Ей повезло. Таблетки, слипшись в комок, не растворились в желудке. Ее тошнило, земля уходила из-под ног. В общественном туалете промыла желудок ледяной водой. В шесть часов утра открылись двери общежития. А в восемь, измученная тяжелой ночью, бледная до зелени уже сидела на экзамене, пугая педагога своим «больничным» видом. Потом лежала в общежитии на своей койке под теплым одеялом и анализировала произошедшее: «Почему не было страха смерти? Умирать легко, просто и не страшно, но глупо. Нет в такой смерти ничего интересного. Есть только постыдное… Нет! Только не позорная смерть, не пустота и вечность…» Она не умела себя любить. Бабушка напомнила о себе, она отвела от нее беду. Господи, вразуми и прости меня, неокрепшую умом и сердцем…

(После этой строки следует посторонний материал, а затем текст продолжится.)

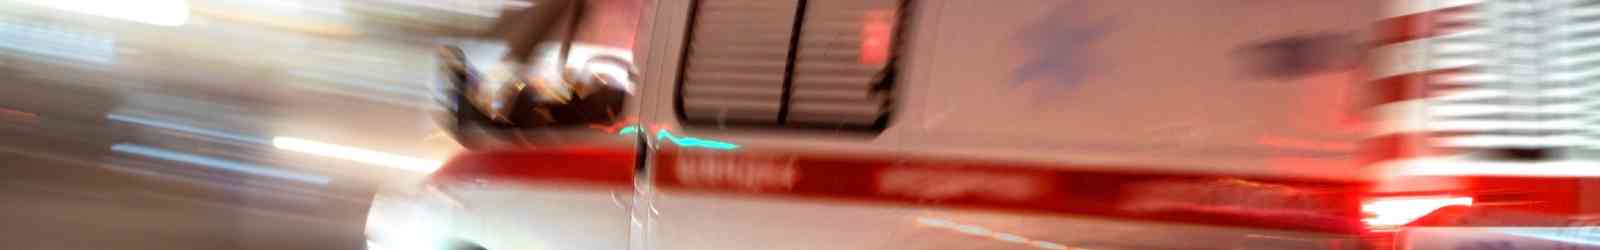 photo of close up ambulance

«Священник, наверное, назвал бы это неконтролируемое состояние богооставленностью. И если верить религии, эта минута стоила отцу семейства отказа от вечности. Совершенно очевидно, в Старкове на равных правах существовало самопожертвование, терпение и слабоволие. Наверное, у него закончился запас прочности, и нить его жизни оборвалась. Как бы ни было тяжело, человеческая жизнь должна всегда торжествовать», – думала я, слушая Лену.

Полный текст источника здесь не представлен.